• [EXERCISE INSTRUCTIONS]:
Output all of the data exactly, keeping any images out of the copy.

• [COLLECTED DATA]:

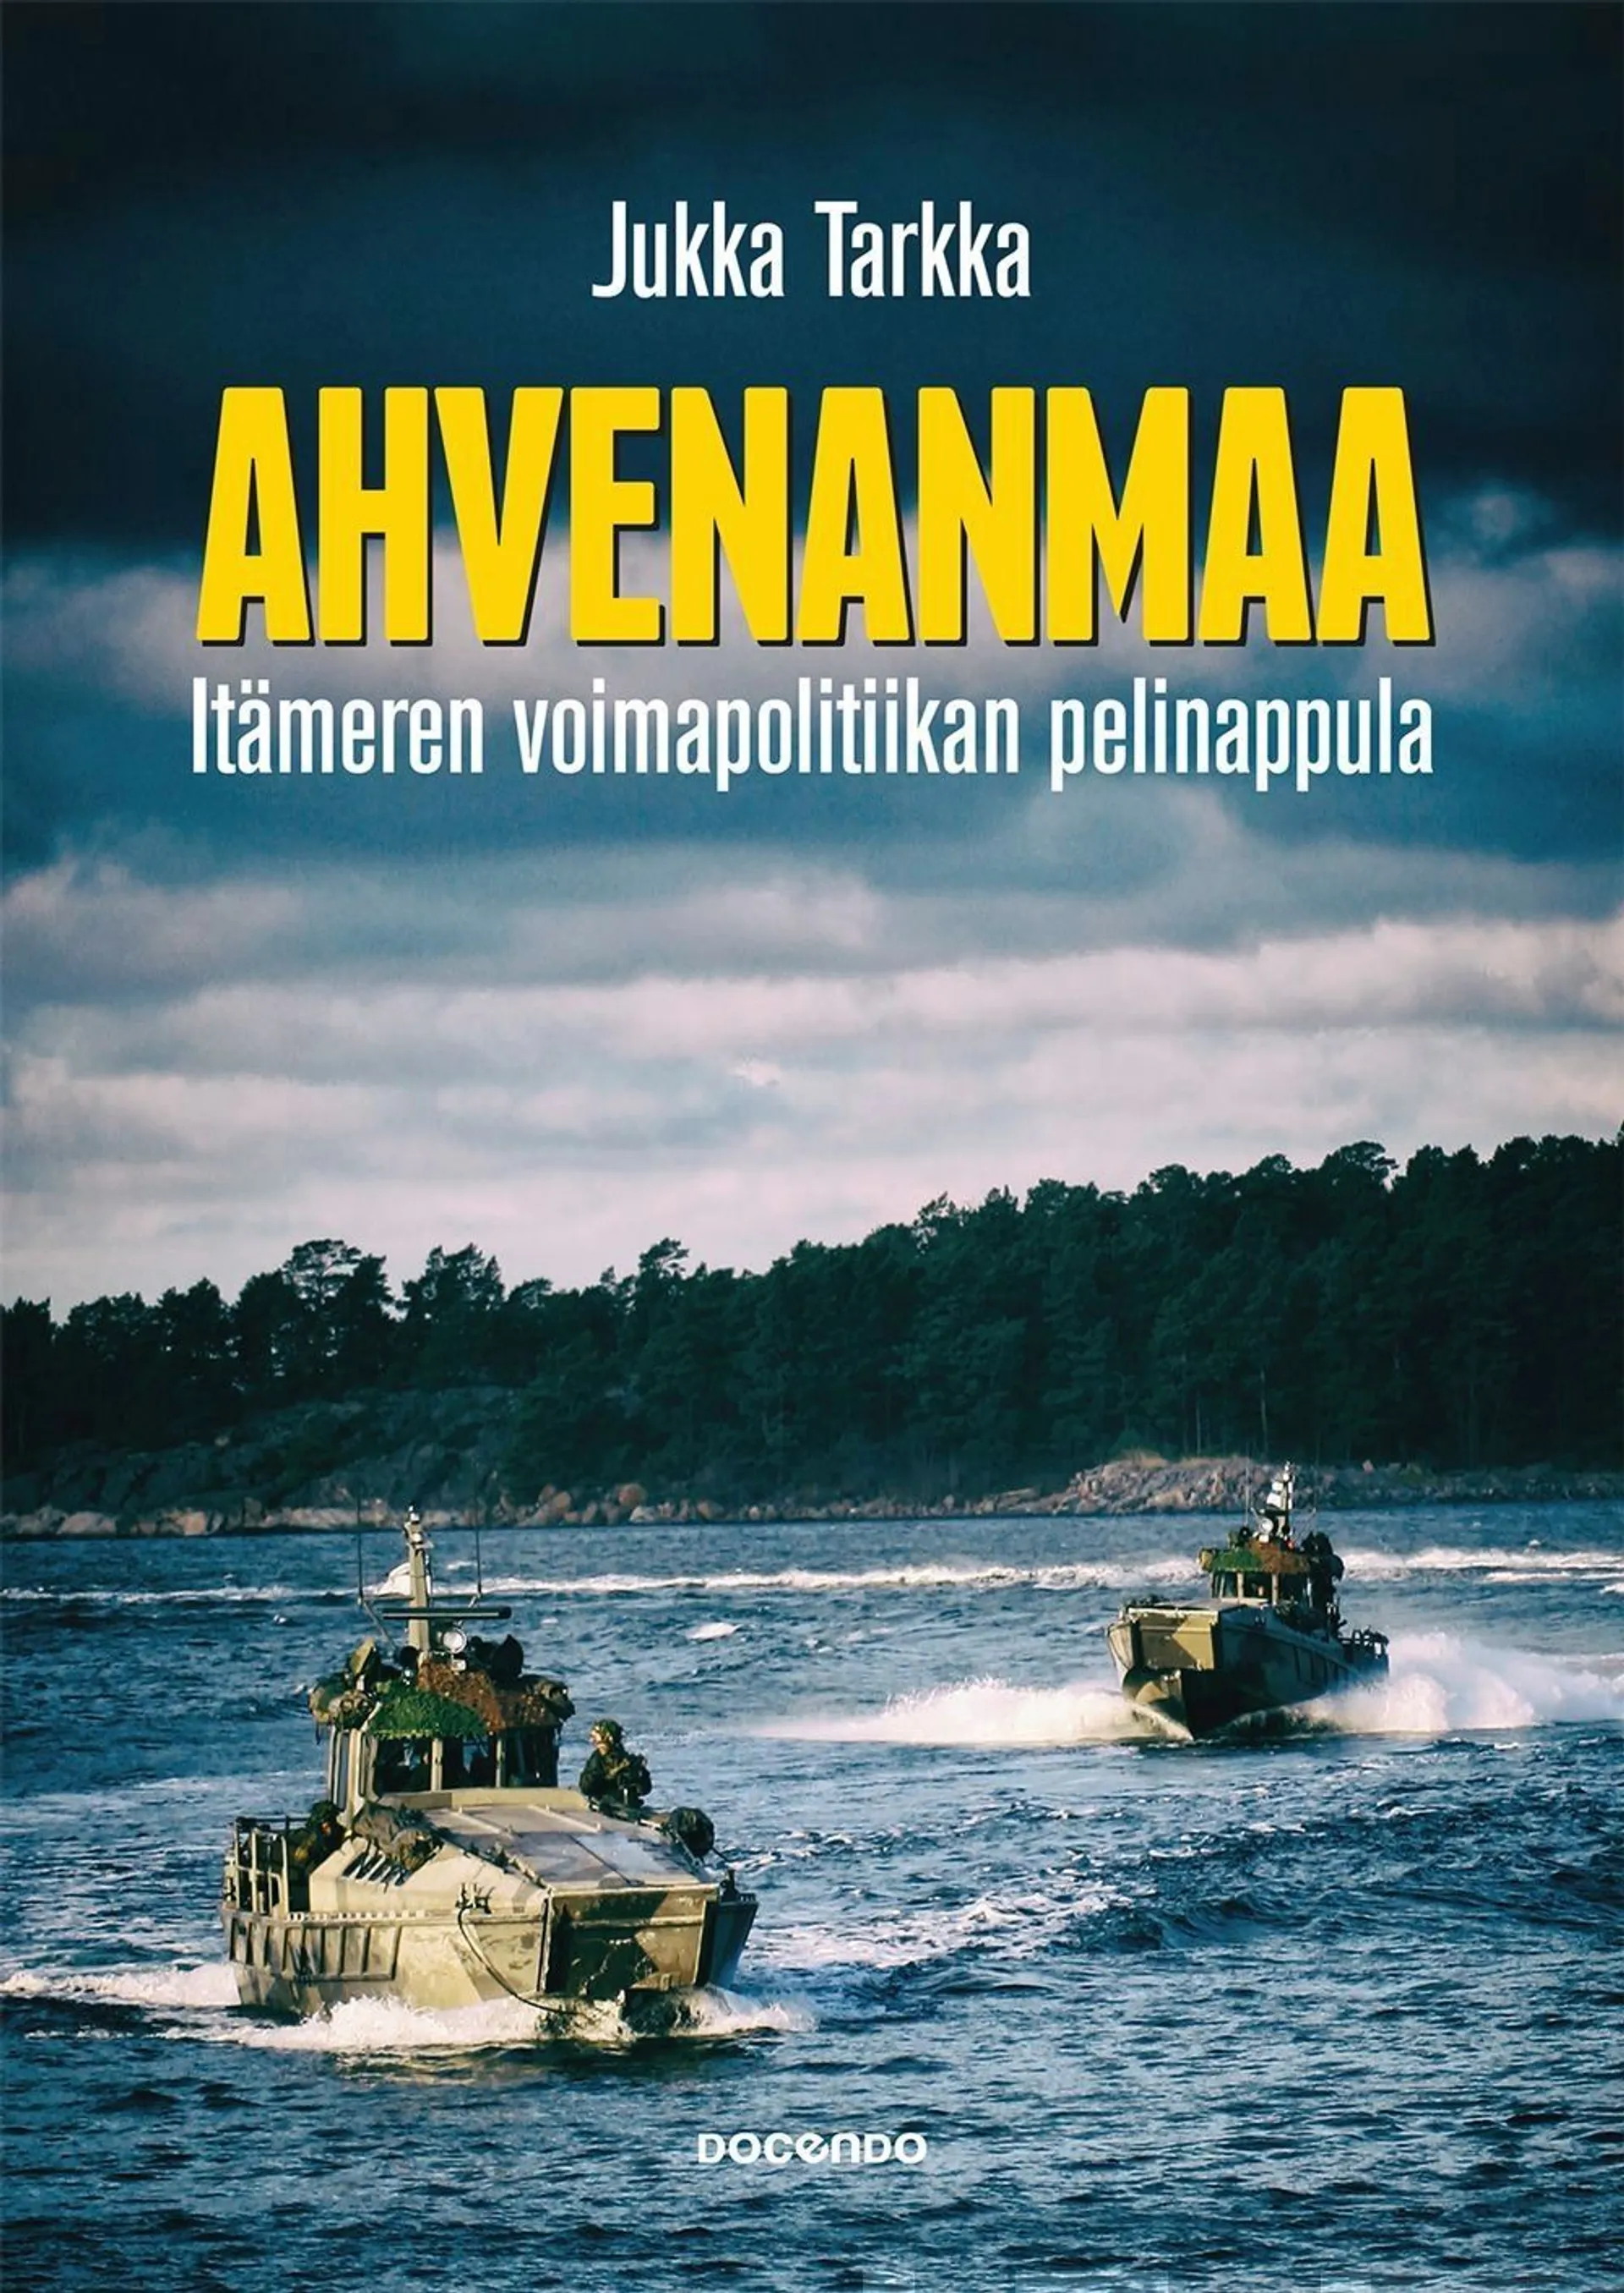 Tarkka, Ahvenanmaa - Itämeren voimapolitiikan pelinappula
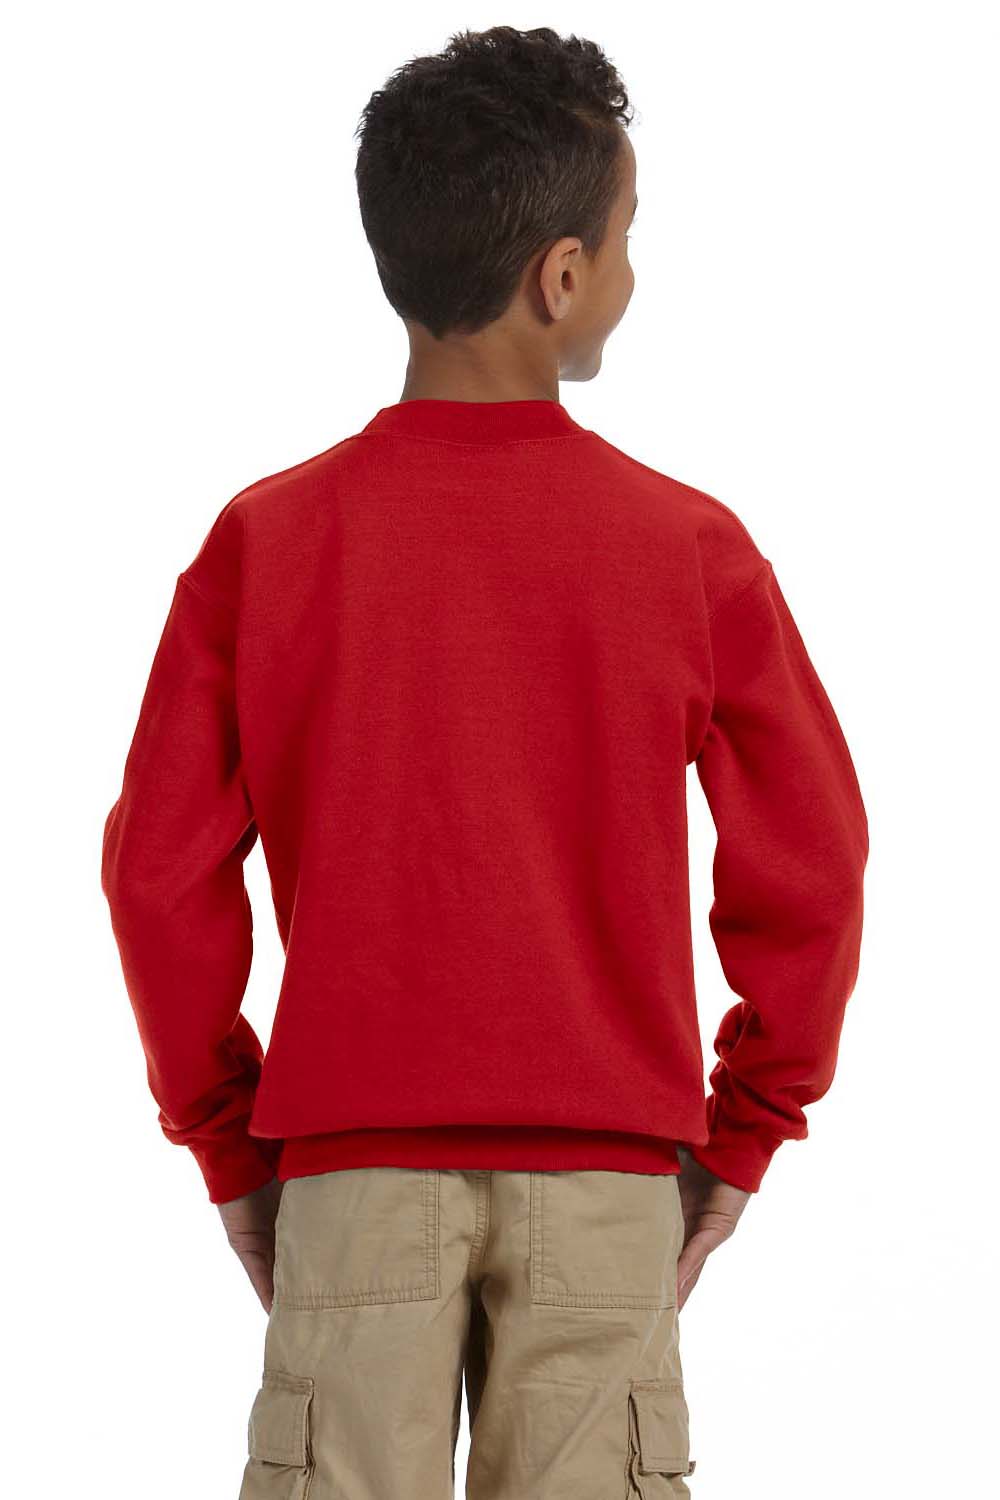 Gildan G180B Youth Fleece Crewneck Sweatshirt Red Back
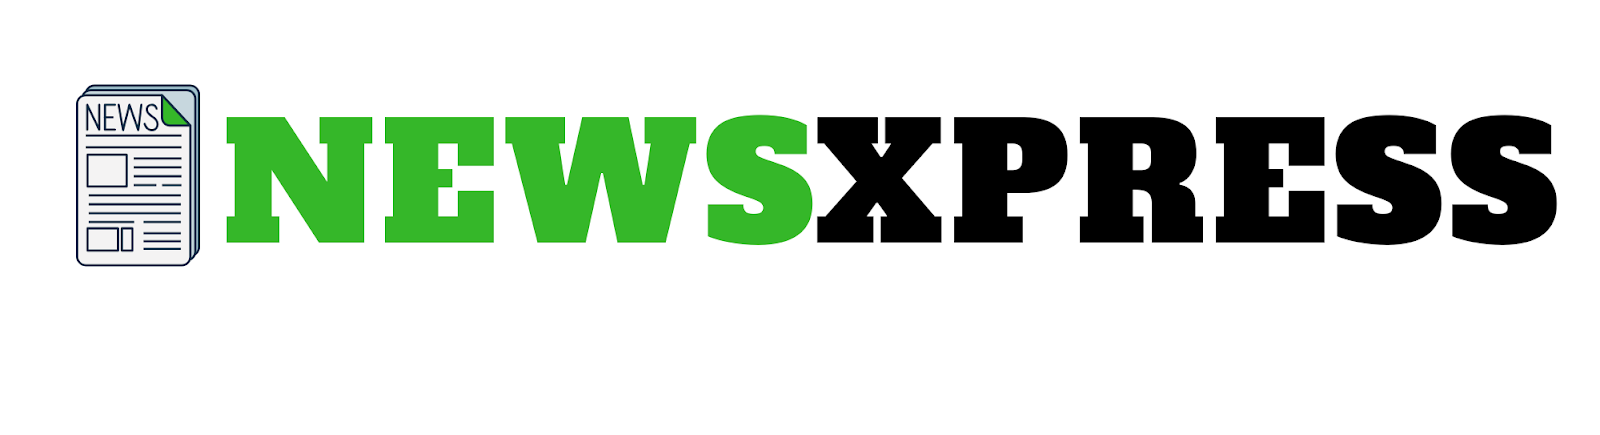 NEWSXPRESS - Best news website 2020 - top news website in world
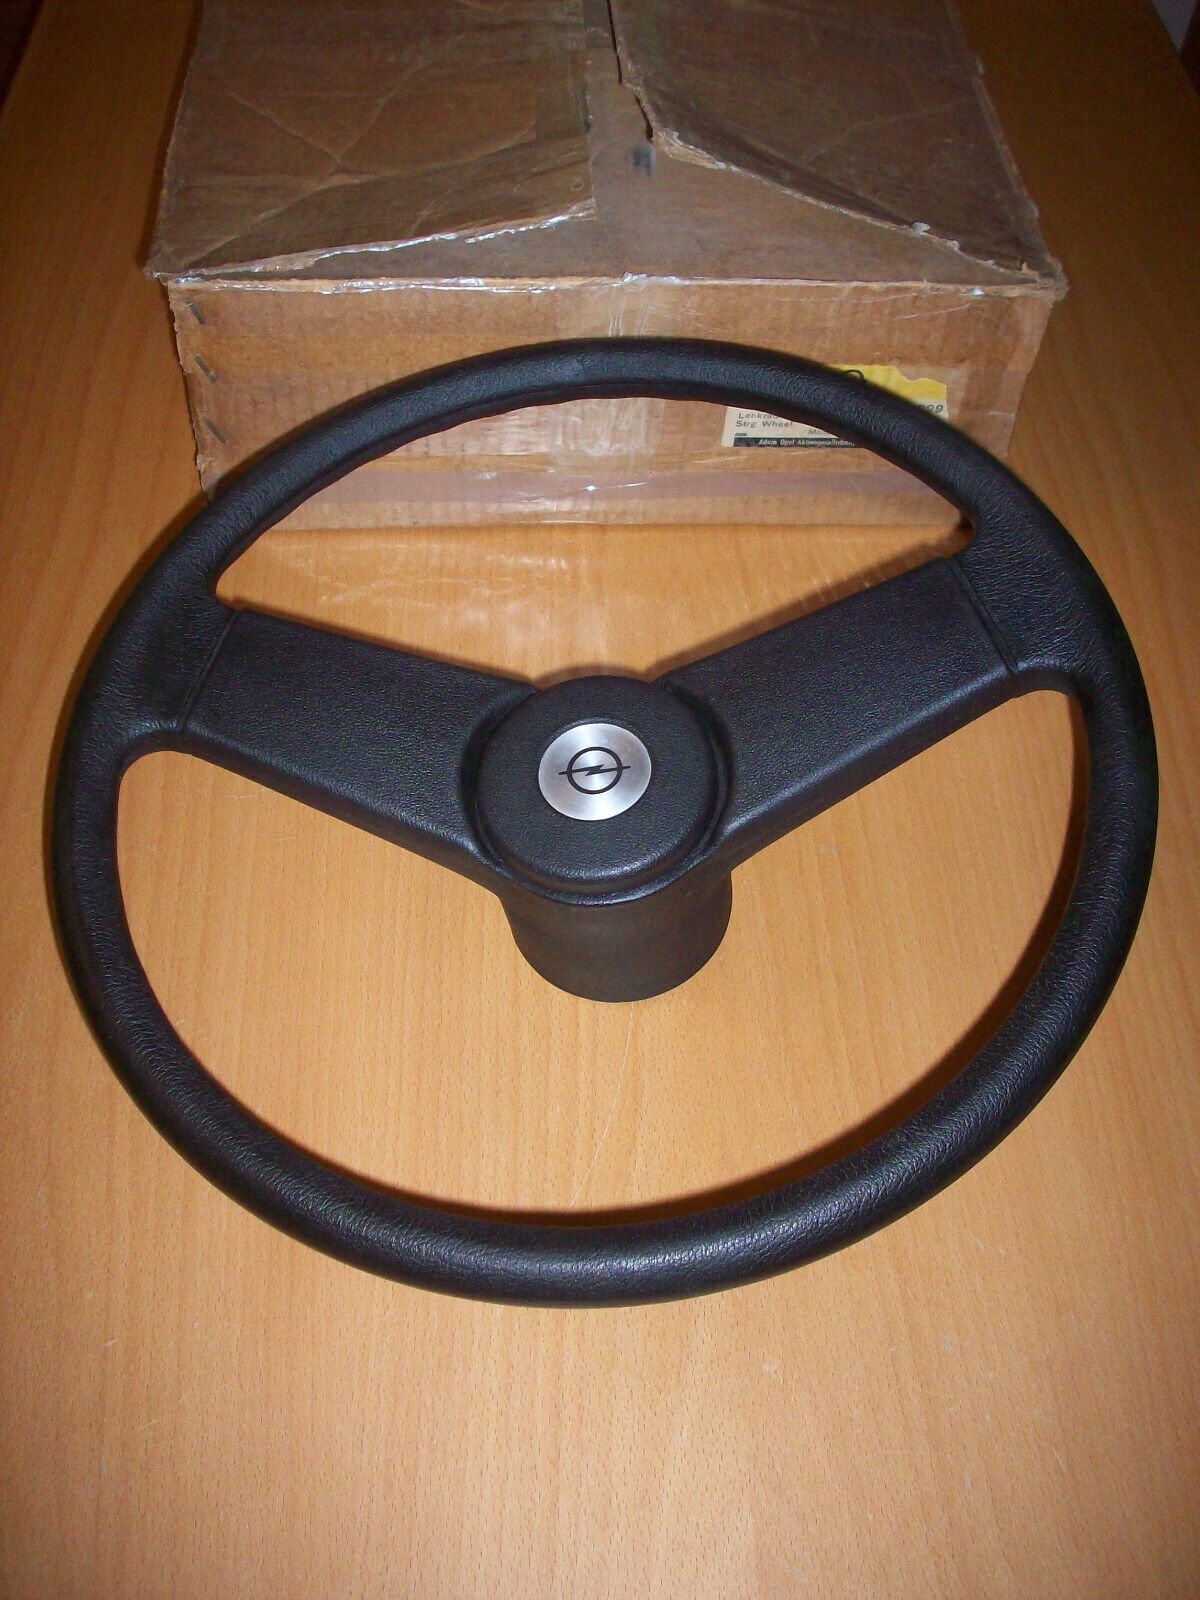 Opel Kadett C steering wheel two spokes in original box

• [WRITTEN ANSWER]:
 Tarkka, Ahvenanmaa - Itämeren voimapolitiikan pelinappula
 Gildan G180B Youth Fleece Crewneck Sweatshirt Red Back
 NEWSXPRESS - Best news website 2020 - top news website in world
 Opel Kadett C steering wheel two spokes in original box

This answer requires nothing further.